Multipolly is where we're all the top hat.
posted by klangklangston at 5:59 PM on April 26, 2010 [1 favorite]


I've decided to comment in this thread about this closed thread which is about this poop. I just wanted to say, happy birthday cortex! Thanks for all the moderation and music! You moderators really seem to do a good job. The one redeeming aspect of the front-page-shitting is that it provided a big list of cortex's songs.

And people, be warned, if you make an enemy out of one longhaired bearded man, you have made an enemy of every jesus-looking-like dude everywhere.

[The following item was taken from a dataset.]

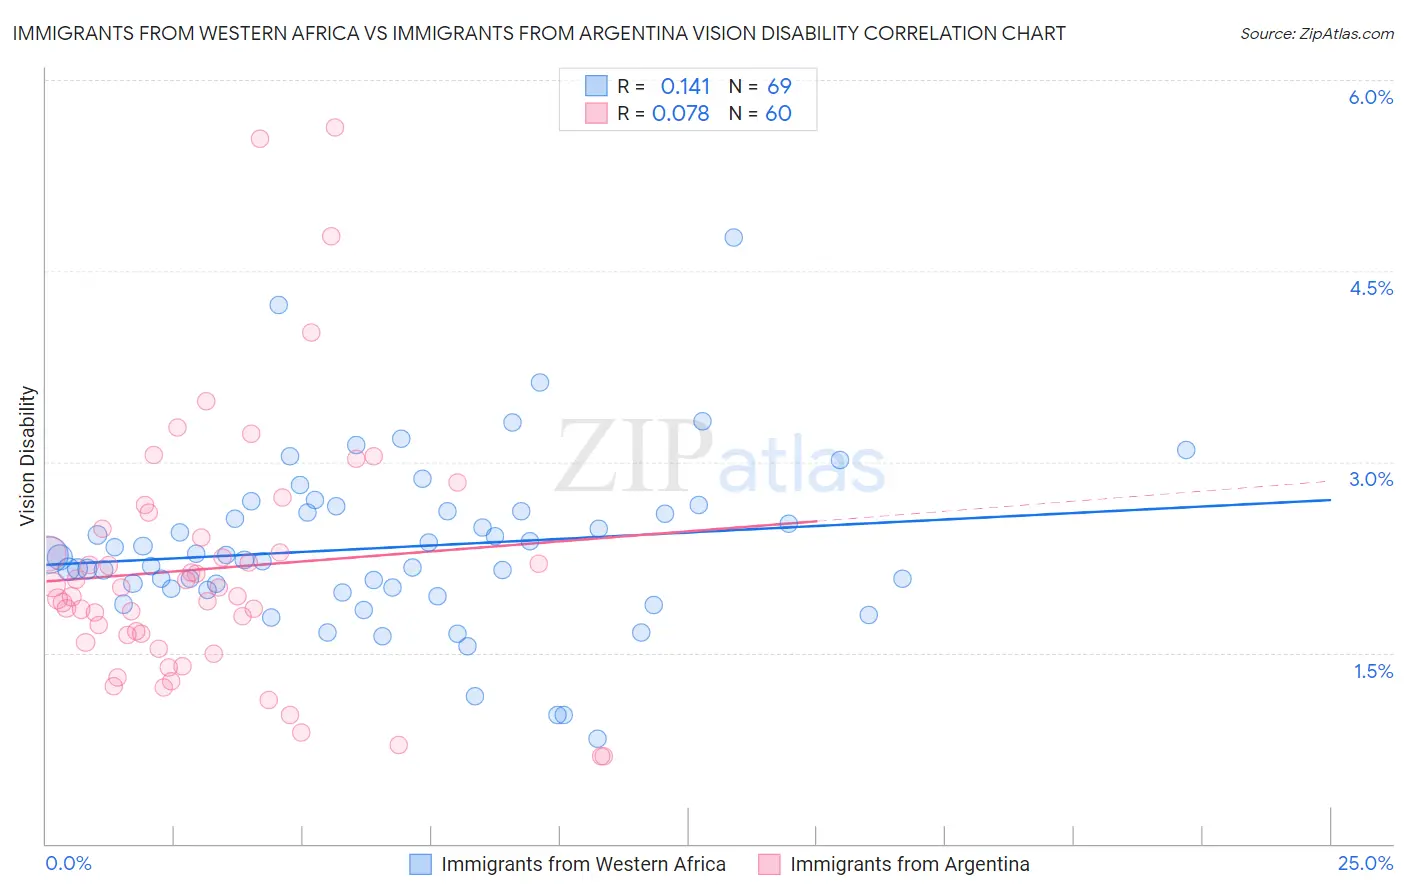 Immigrants from Western Africa vs Immigrants from Argentina Vision Disability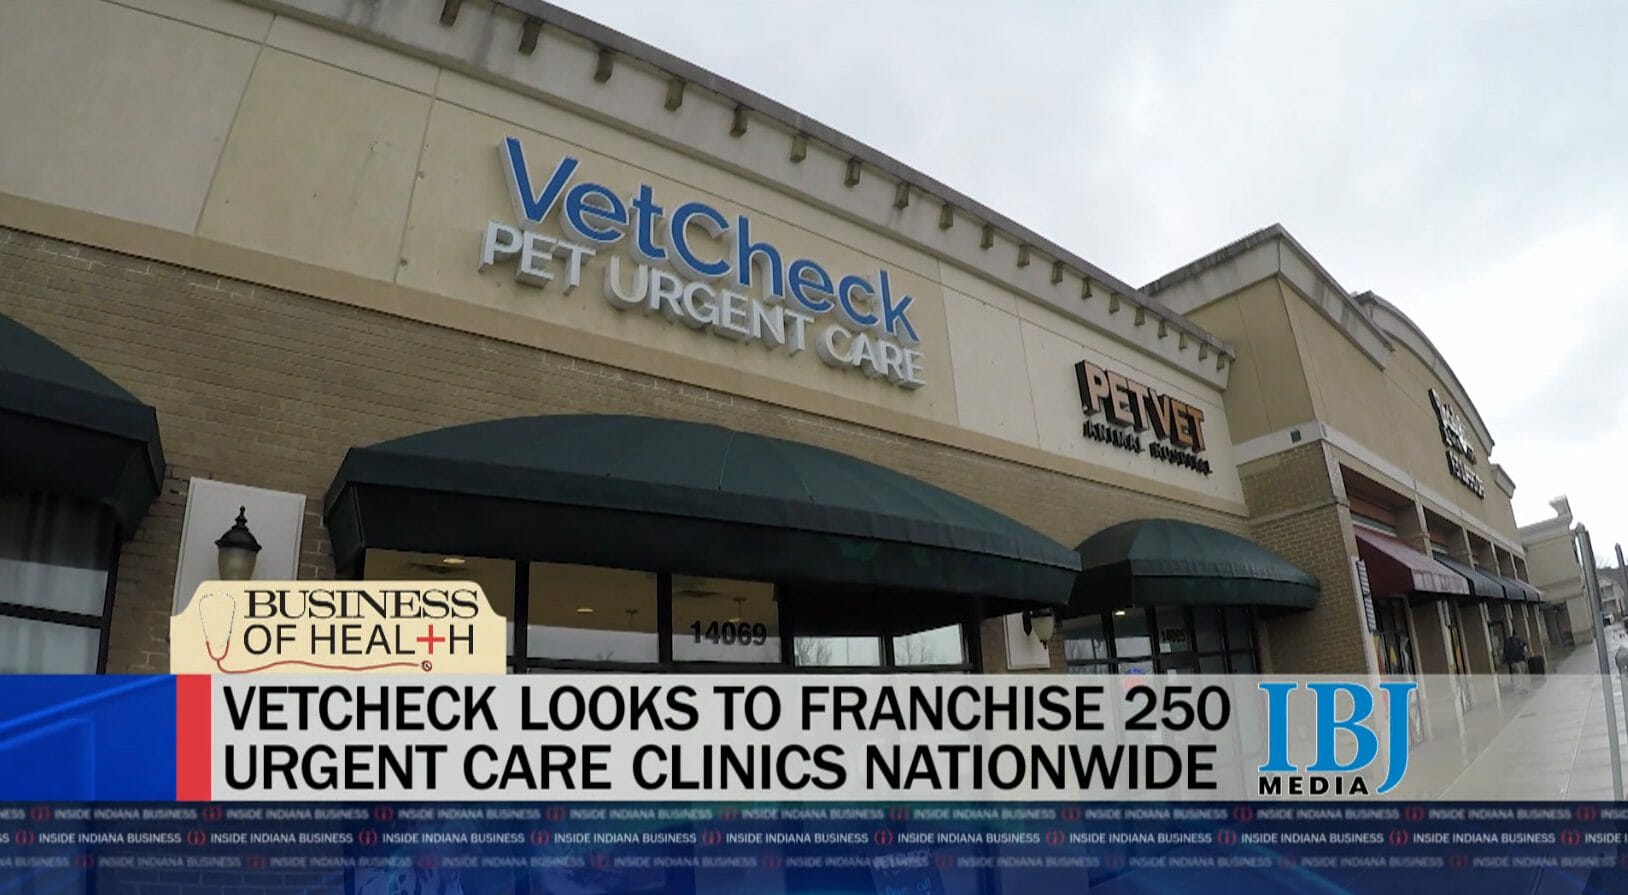 VetCheck looks to franchise 250 urgent care clinics nationwide

I'm drinking an Irish whiskey called (no shit) "Paddy." I'm going to start developing a bourbon called 'Hillbilly.'

I'm pretty sure all Tennessee whiskeys are nicknamed "Joe's" I think maybe for obvious reasons.
posted by fuq at 6:02 PM on April 26, 2010


I've seen Monopoly do some serious shit to otherwise healthy relationships. I've broken off friendships and made boyfriends cry for entire hours. I just can't be with someone so unevolved that they can't share all their railroads with me. I would insert a joke about "running a train" but I'm not that tasteless. Except now we're all thinking about it and you have to admit a board game orgy would be delightfully geekyhot.
posted by Juicy Avenger at 7:41 PM on April 26, 2010 [2 favorites]




And, as long as we're linking askme threads like they're evidence for anything, there's this one:

Are there ever happy endings for polyamorous couples? Do you know anyone for whom such an arrangement has worked in the long term?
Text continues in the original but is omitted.